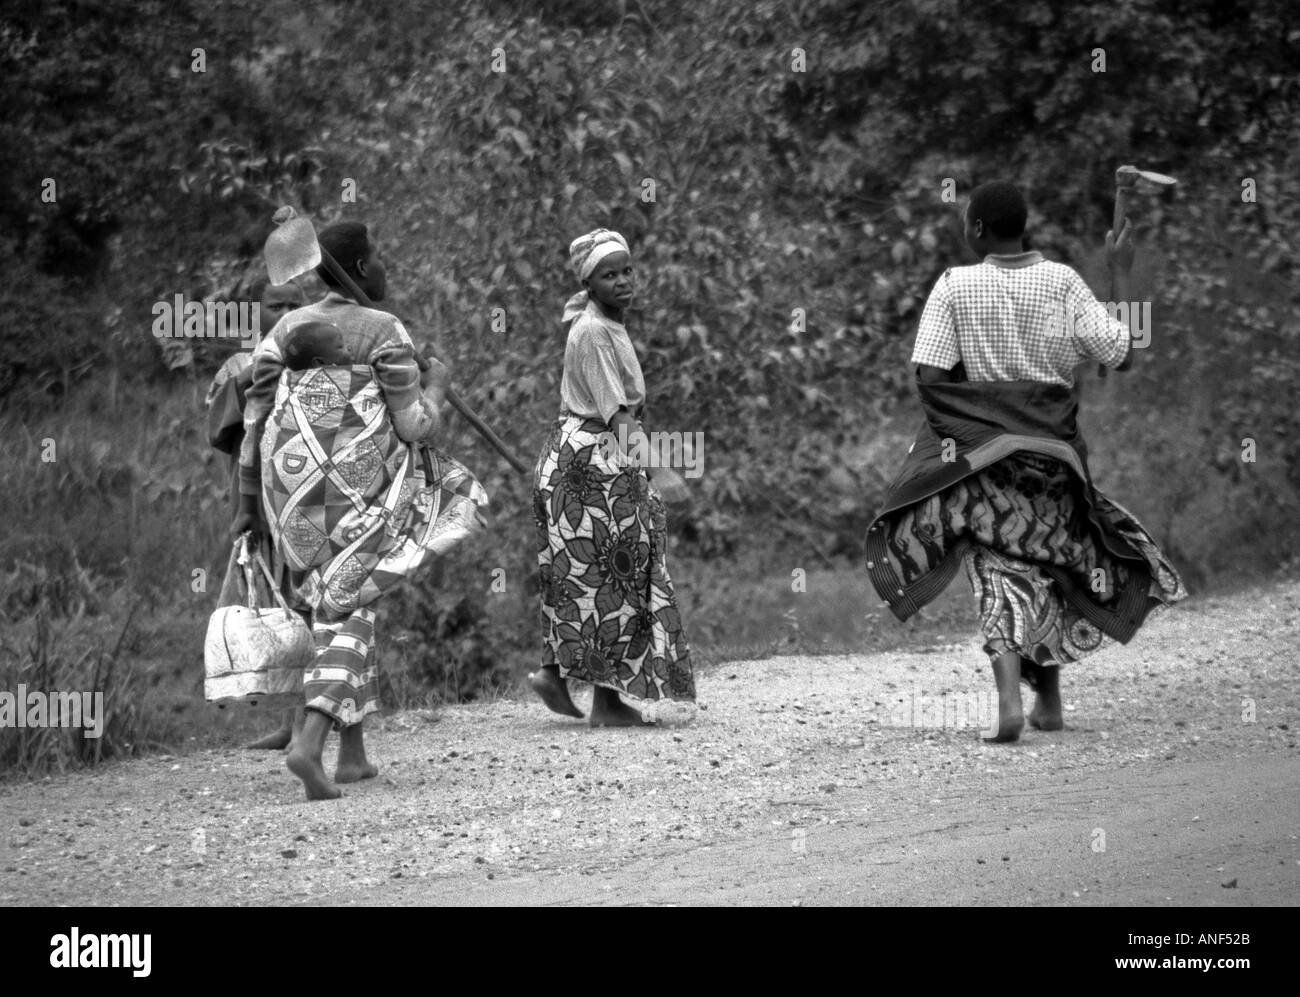 Les jeunes femmes en costume traditionnel transporter sur les épaules de l'enfant marche pied nu à Katuna Byumba Rwanda Afrique de l'Est Banque D'Images
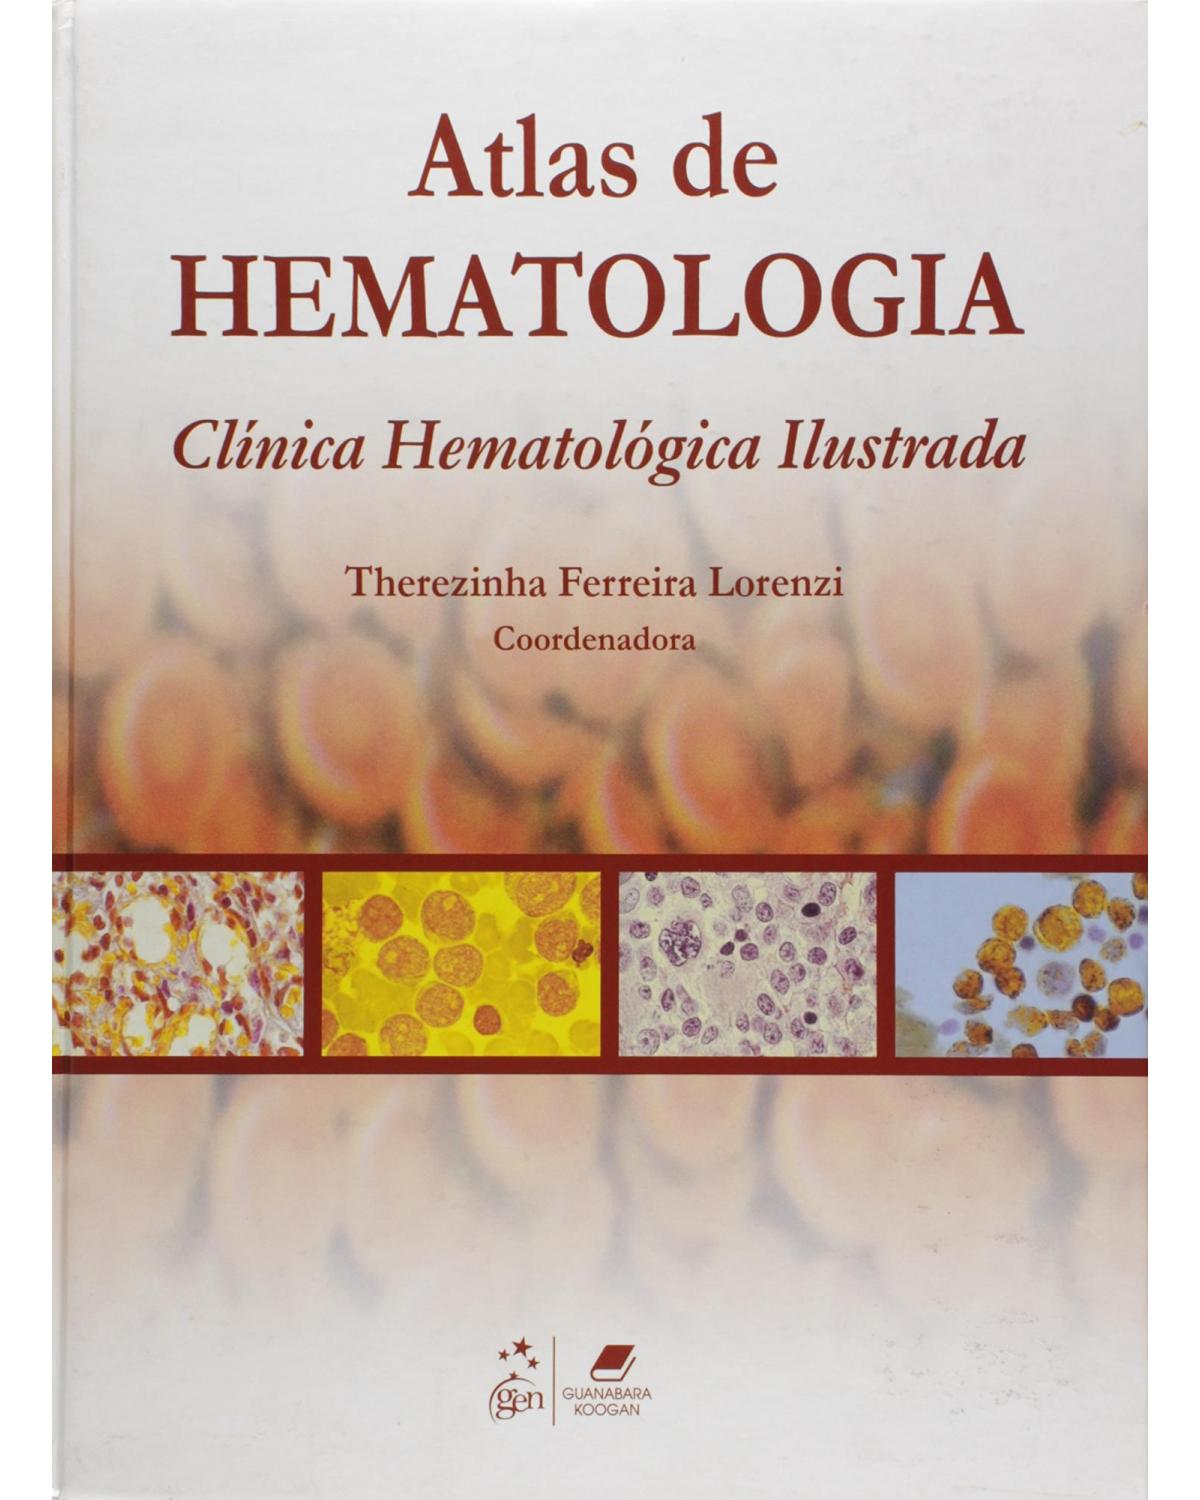 Atlas de hematologia: Clínica hematológica ilustrada - 1ª Edição | 2006
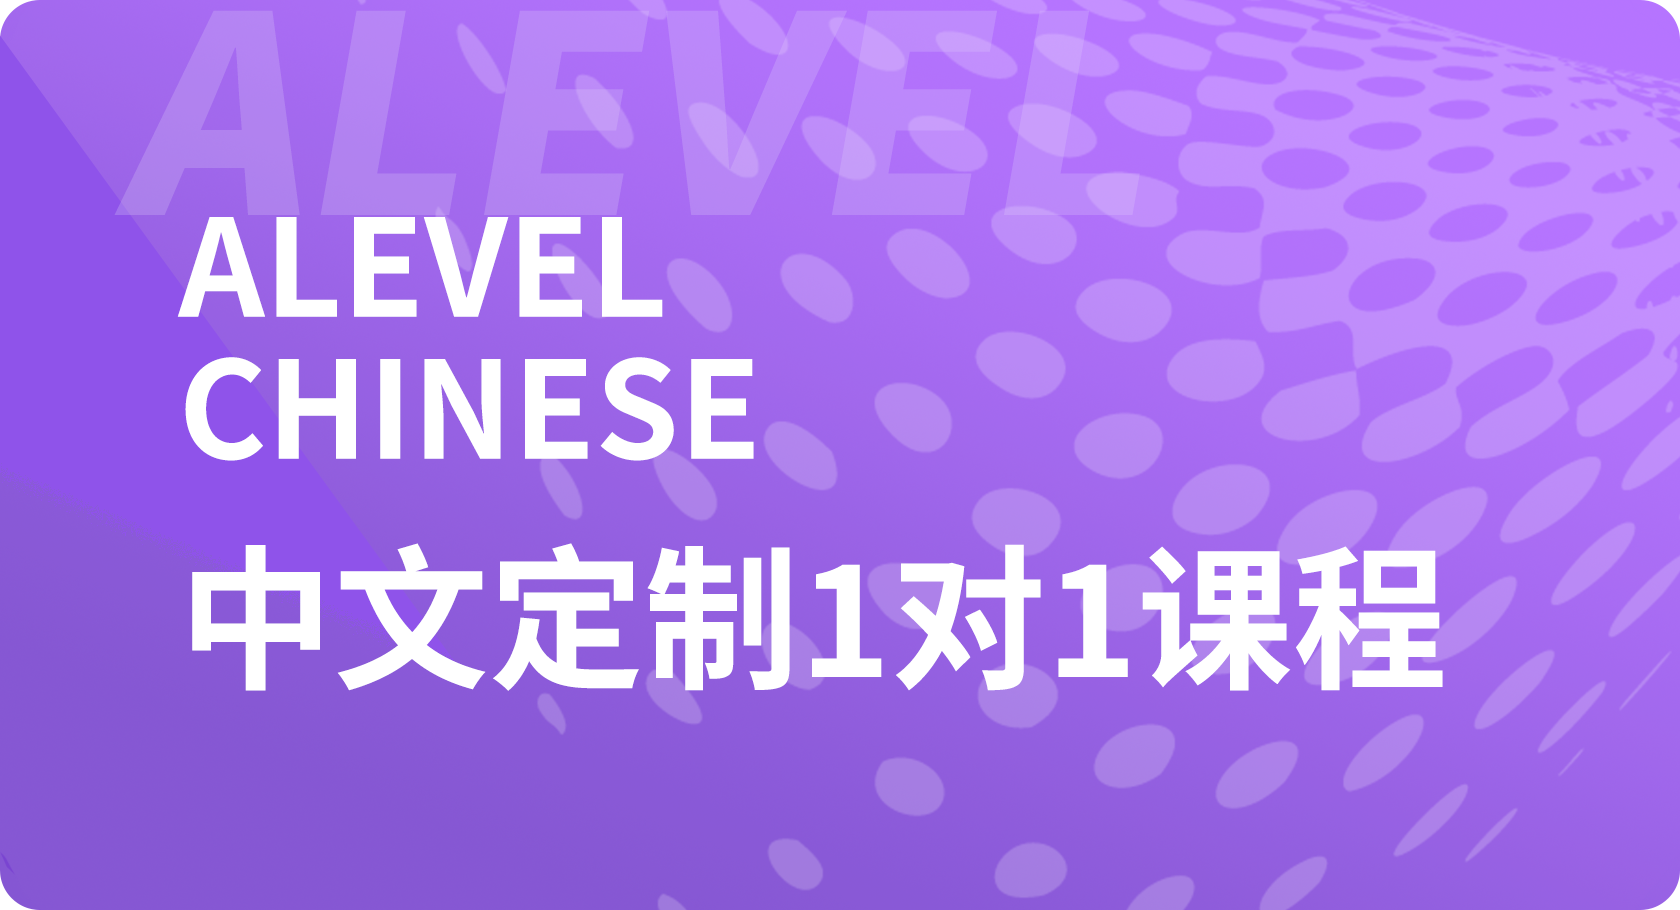 Alevel中文1对1课程
■ ■ ■ ■ ■ ■ ■
- [EXERCISE DESCRIPTION] Exclude the pictures. Write out the remaining data exactly.

- [SOLUTION FOR THIS EXERCISE]
 Les jeunes femmes en costume traditionnel transporter sur les épaules de l'enfant marche pied nu à Katuna Byumba Rwanda Afrique de l'Est Banque D'Images
 Atlas de hematologia: Clínica hematológica ilustrada - 1ª Edição | 2006
 Alevel中文1对1课程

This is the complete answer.